Desensitising the device to pressure disturbances to culture differentiated HepaRG cells

Compared to proliferative HepaRG cells, HepaRG hepatocytes adhered less to the substrate than to each other29. We therefore expected them to be more prone to forming aggregates in the chambers and less likely to invade the slits. However, once these cells were loaded into the 40–2 µm device, the pressure disturbances induced when connecting the tubes to establish the flow drove the cells out of the chambers. Hydrostatic pressure variations induced by modifying the respective heights of the syringe and the device produced similar effects. Increasing the delay prior to fluidisation (from 4 to 24 h), which might have improved cell adhesion to the substrate, was ineffective in preventing this phenomenon. To reduce the flux generated by these pressure disturbances, we added an external flow resistance to our device, which consisted in a thin capillary tube and enabled cells to stay within the chambers and to be cultured for up to 21 days (Supplementary Fig. S7 & S8). Finally, HepaRG cells loaded as both proliferative and differentiated could be successfully loaded and cultured on chip for extensive periods of time.
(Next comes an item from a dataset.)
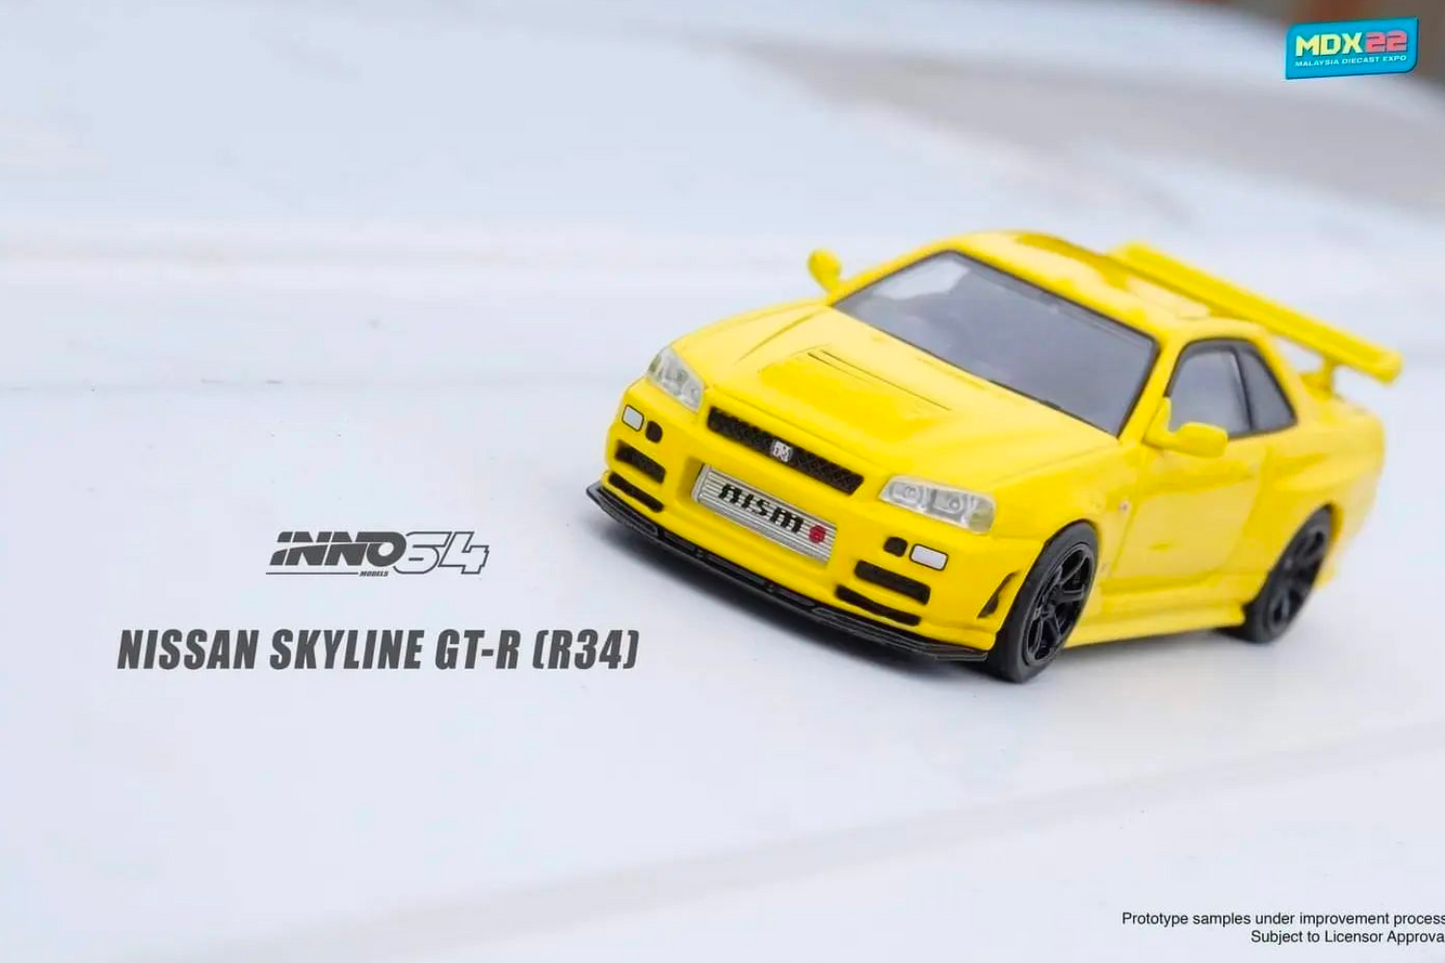 [INNO64] Nissan Skyline GTR (R34) Lightning Yellow (MDX 2022 Event Model)
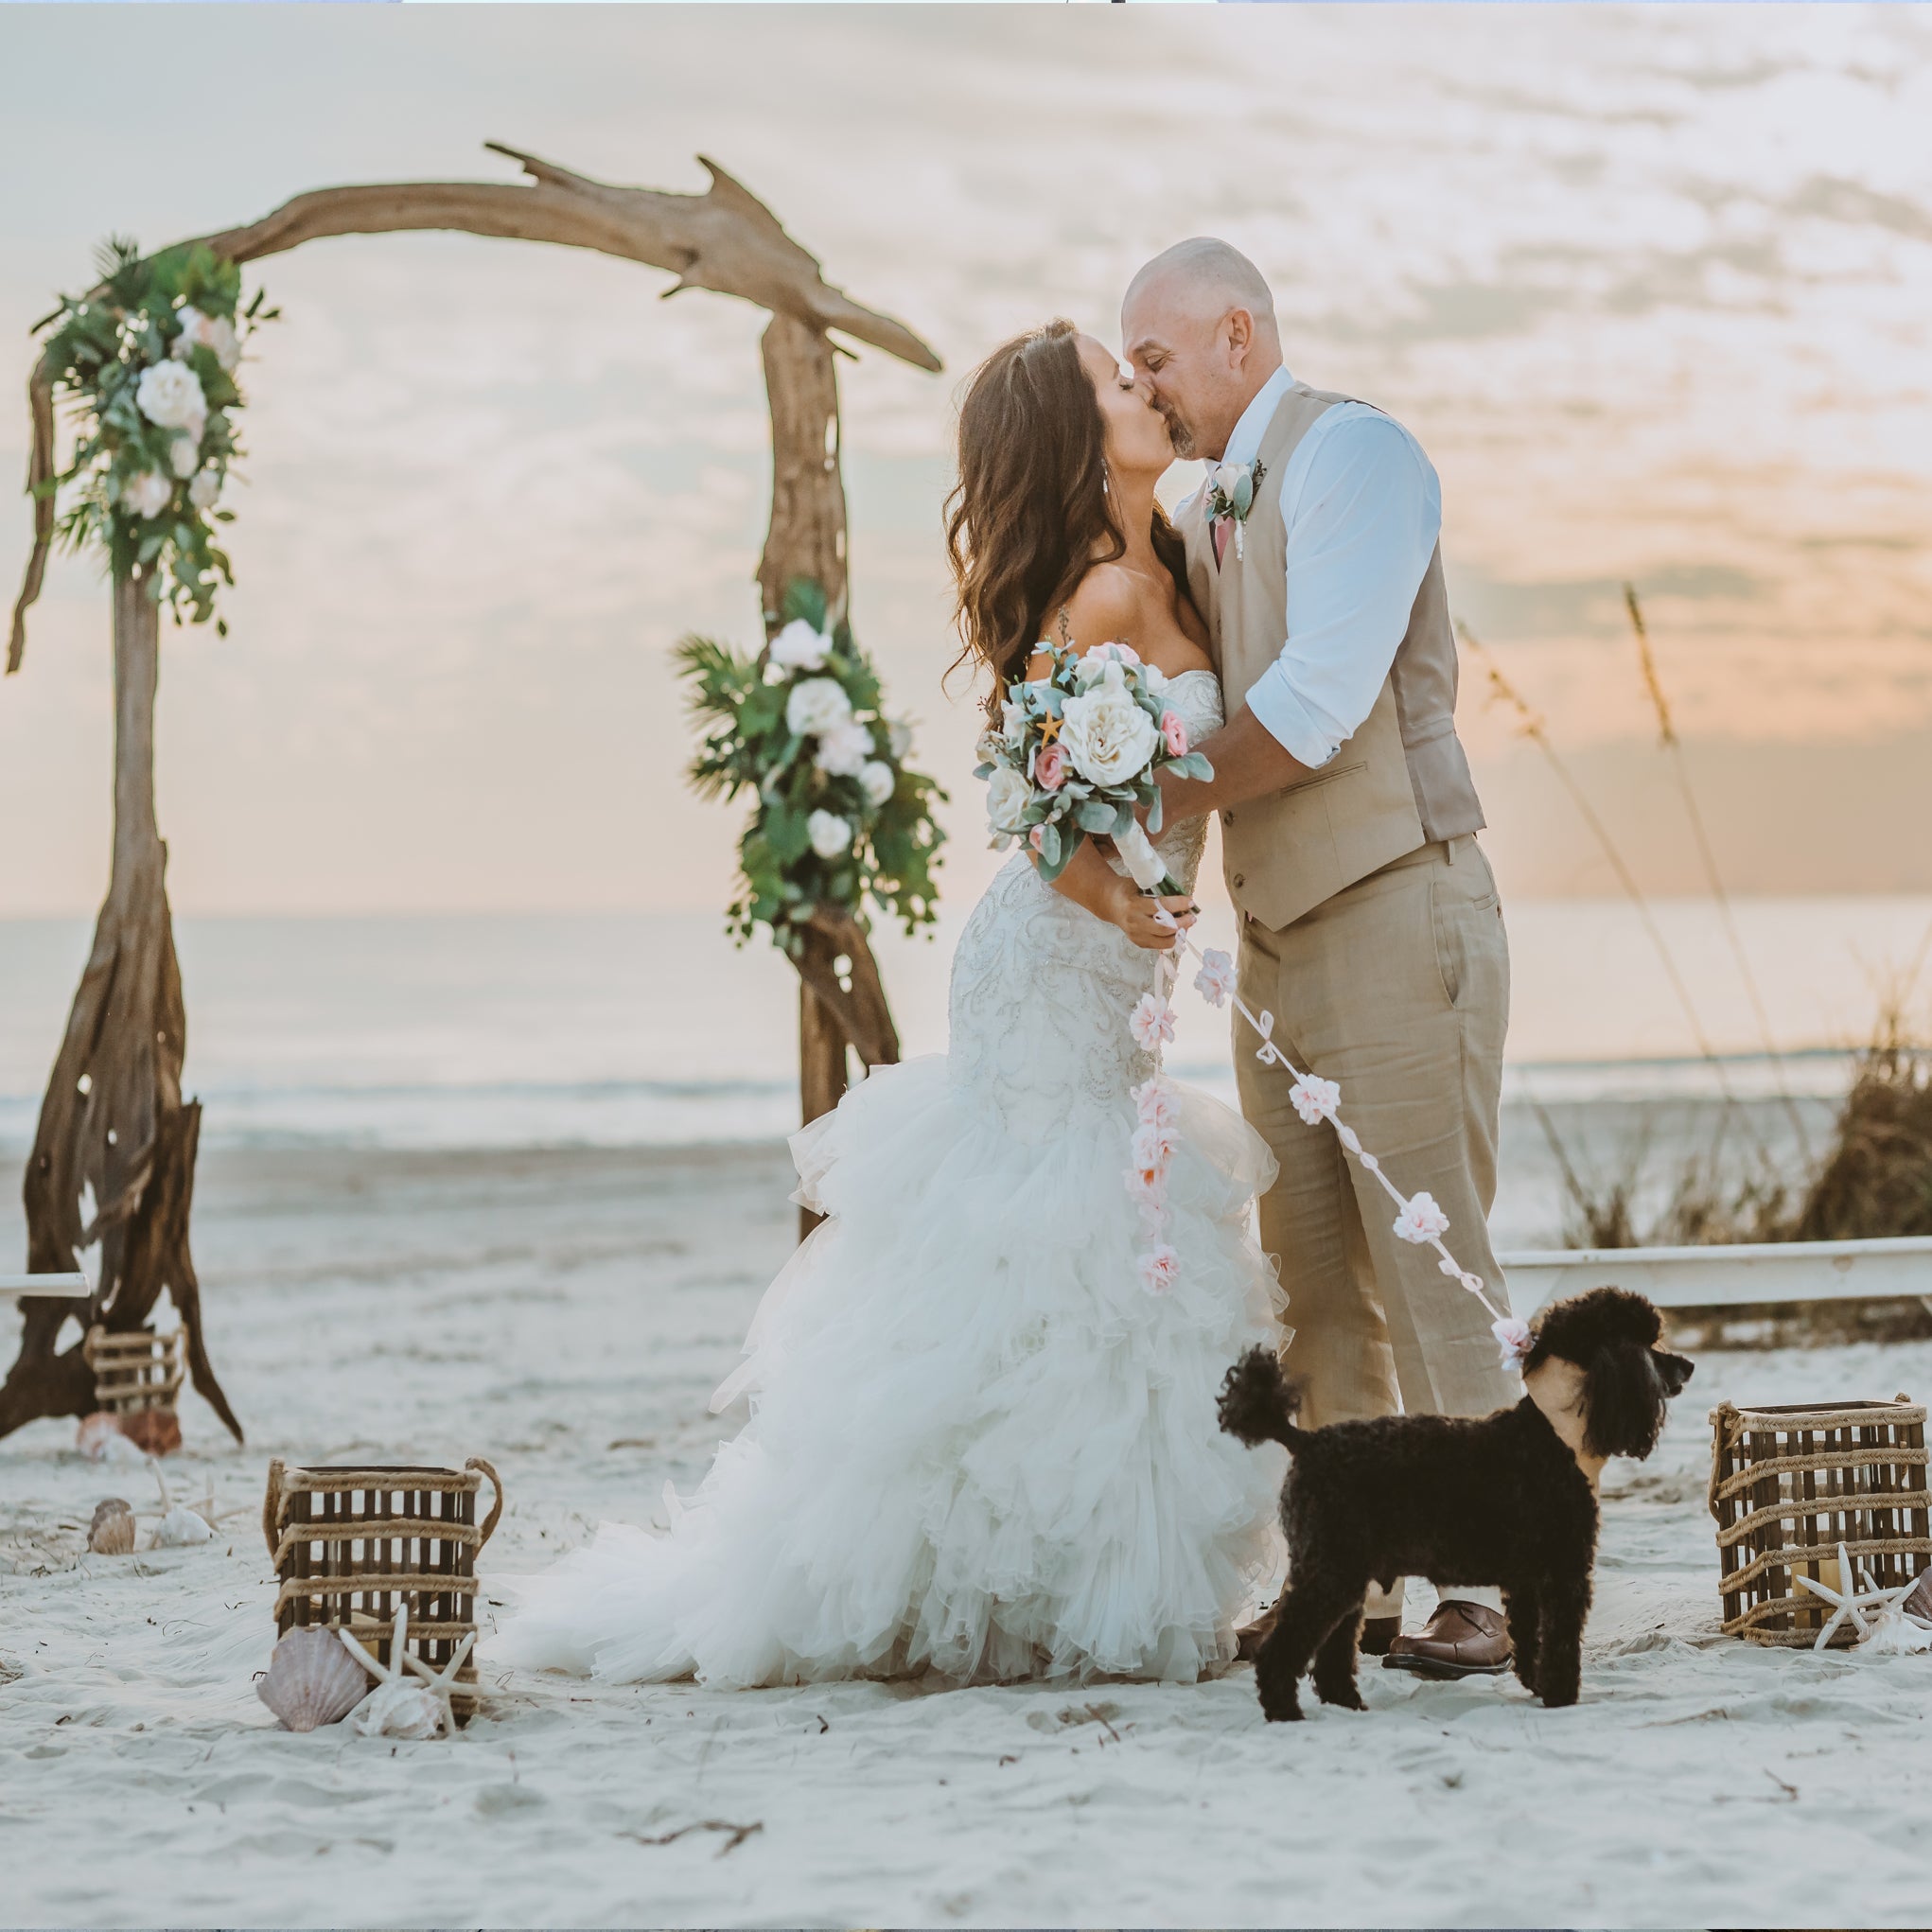 Celebration On The Beach Wedding (All Inclusive) - The Wedding Shop beach wedding reception package all inclusive in panama city beach florida

Cell viability and differentiation into hepatocytes

The viability of HepaRG cells that had been loaded as either proliferative or differentiated cells was assessed after 15 days of culture on chip: they exhibited 60 ± 16% and 82 ± 11% viability, respectively (Fig. 4a). An example of the assay is provided in Supplementary Fig. S9. Although the viability was lower in the case of HepaRG cells loaded at a proliferative stage, as evidenced by the significant number of apoptotic nuclei, the mean number of live cells inside the chambers was higher than for already differentiated cells (69 ± 26 compared to 52 ± 23, respectively).

Figure 4
figure 4

Cell viability and secretion of albumin on chip depending on the differentiation stage at which they were loaded (grey for proliferative HepaRG cells and black for already differentiated cells). (a) Cell viability after 15 days of culture on chip (n = 3 chips per condition). (b) Secretion of albumin per chip after 2, 7, or 14 days of culture (n = 2 at day 2; n ≥ 3 at day 7 and 14).

The albumin produced by hepatocytes in the chip was quantified at three different time points (day 2, 7 and 14 of culture) for devices loaded with either proliferative or differentiated cells. In both cases, the albumin levels were constant from day 2 to the day 14 of culture (Fig. 4b). No significant differences were evidenced depending on the cell differentiation status at the time of loading.

Immunofluorescence assays revealed that after 14 days of culture on the chip, HepaRG cells that had been loaded as hepatoblasts were producing albumin and some of them were positive for HNF4α labelling, particularly in areas of cell 3D aggregation (Fig. 5a). HNF4α is a transcription factor that is expressed early during hepatoblast differentiation into hepatocytes and regulates albumin gene expression. The presence of these two markers indicated that proliferative HepaRG cells were differentiating spontaneously towards hepatocytes on the chip. To visualise the formation and functionality of bile canaliculi, 5(6)-carboxy-2’,7’-dichlorofluorescein (DCFA) was used. This molecule is metabolized and selectively excreted into bile canaliculi by MPR2 transporters. HepaRG cells loaded at a proliferative stage were exhibiting functional bile canaliculi after 14 days of culture on chip (Fig. 5b).

Figure 5
figure 5

Immunofluorescence or DCFA staining of HepaRG cells cultured on the 40–2 µm device, revealed under epifluorescent or confocal microscopy. Top-down views of the chamber with respect to proliferative HepaRG cells loaded and cultured for 14 days (a) fixed and stained for nuclei (blue), F-actin (green), HNF4α (red) and albumin (grey) or (b) at 50 nl/min, stained for DCFA (green) and examined under phase contrast imaging. (c) HepaRG hepatocytes loaded and cultured for 21 days fixed and stained for nuclei (blue), F-actin (green), ZO-1 (red), and albumin (grey). Some binucleated cells can also be seen (white arrows). Scale bars = 20 µm.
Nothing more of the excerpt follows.